There is a larger context to all of this. One of the main places where this can be used is for transforms devised from an overlapping set of windowed filters in the frequency domain - a typical case in point being transforms for the time-scale plane, like the S-transform or the continuous wavelet transform.
Since you want the filters to be smoothly-windowed functions, without sharp corners, then in order for them to provide a complete set that adds up to a finite non-zero value over all of the frequency spectrum (so that they can all be normalized, in tandem, by dividing out by this sum), then their respective supports have to overlap.
(Edit: Generalized this example to cover both equally-spaced and logarithmic-spaced intervals.)

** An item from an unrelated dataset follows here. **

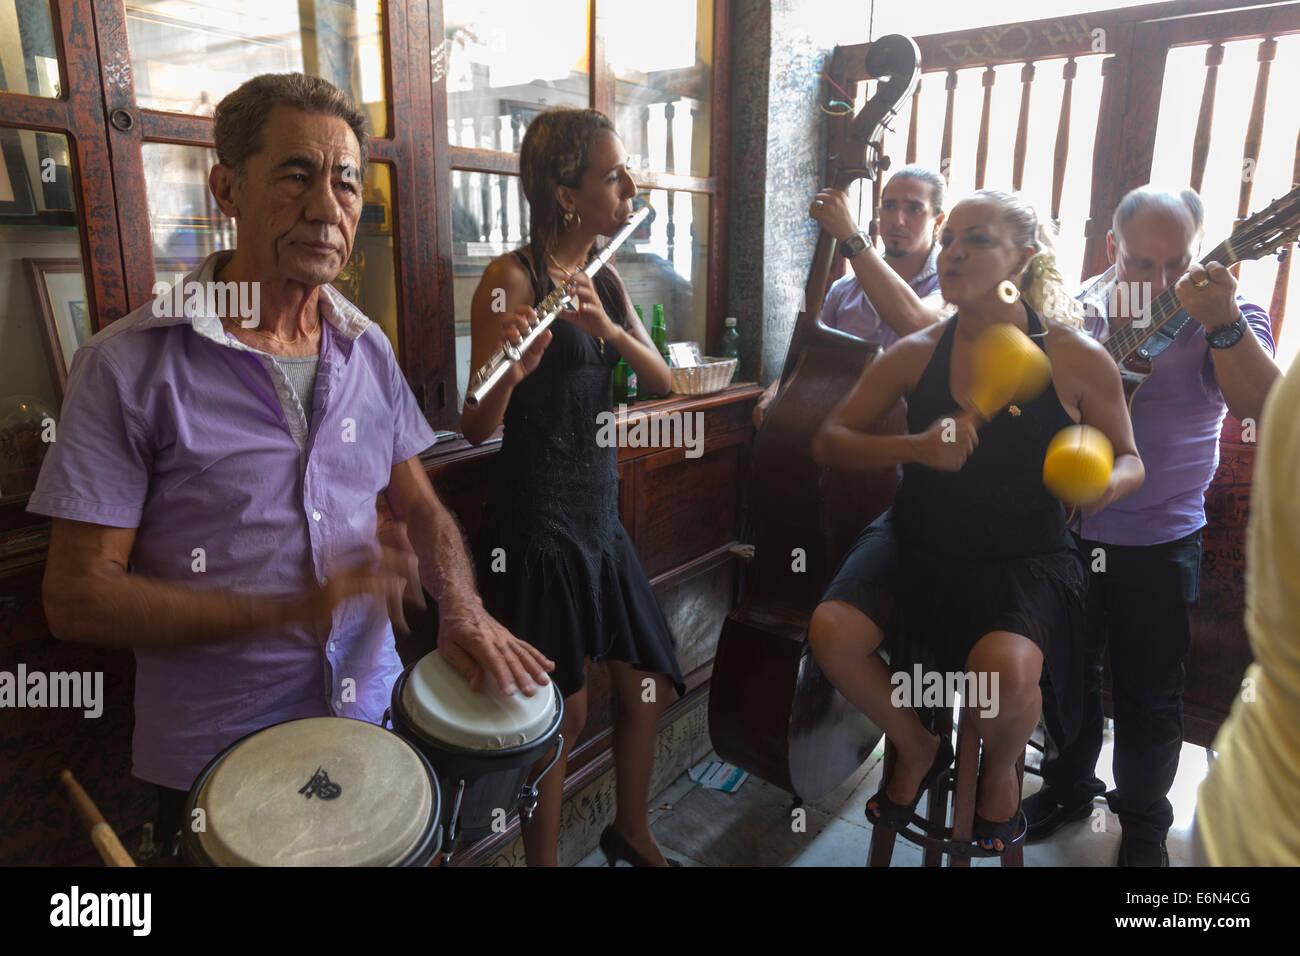 Musikern in La Bodeguita del Medio Bar, Havanna, Kuba Stockbild

One example of such a set would be filters that have end-point frequencies taken from the set
Π = { p₀ (α + 1)ⁿ + β {(α + 1)ⁿ - 1} / α: n ∈ {0,1,2,⋯} }
So, for interval n (counting from n = 0), you would have ν₋ = p_n and ν₊ = p_{n+1}, where the members of Π are enumerated
p_n = p₀ (α + 1)ⁿ + β {(α + 1)ⁿ - 1} / α,
Δp_n = p_{n+1} - p_n = α p_n + β = (α p₀ + β)(α + 1)ⁿ,
n ∈ {0,1,2,⋯}
The center frequency of interval n would then be ν₀ = p_n + ½ Δp₀ (α + 1)ⁿ and the width would be Ω = Δp₀ (α + 1)ⁿ, but the actual support for the filter would overlap into a good part of the neighboring intervals, so that when you add up the filters that cover a given frequency ν the sum doesn't drop down to 0 as ν approaches any of the boundary points. (In the limiting case α → 0, this produces an equally-spaced frequency domain, suitable for an equalizer, while in the case β → 0, it produces a logarithmic scale with base α + 1, where octaves are equally-spaced.)
The other main place where you may apply this is to time-frequency analysis and spectrograms. Here, the role of a function f and its Fourier transform f̂ are reversed and the role of the frequency bandwidth Ω is now played by the (reciprocal) time bandwidth 1/Ω. You want to break up a time series, given by a function f(t) into overlapping segments f̃(q,λ) = g(λ)* f(q + λ), with smooth windowing given by the functions g(λ) with bounded support supp g ⊆ [-½ 1/Ω, +½ 1/Ω], and with interval spacing Δq much larger than the time sampling Δt (the ratio Δq/Δt is called the "hop" factor). The analogous role of Δt is played, here, by the frequency interval in the spectrogram Δp = Ω, which is now constant.
Edit: (Fixed the numbers for the Audacity example)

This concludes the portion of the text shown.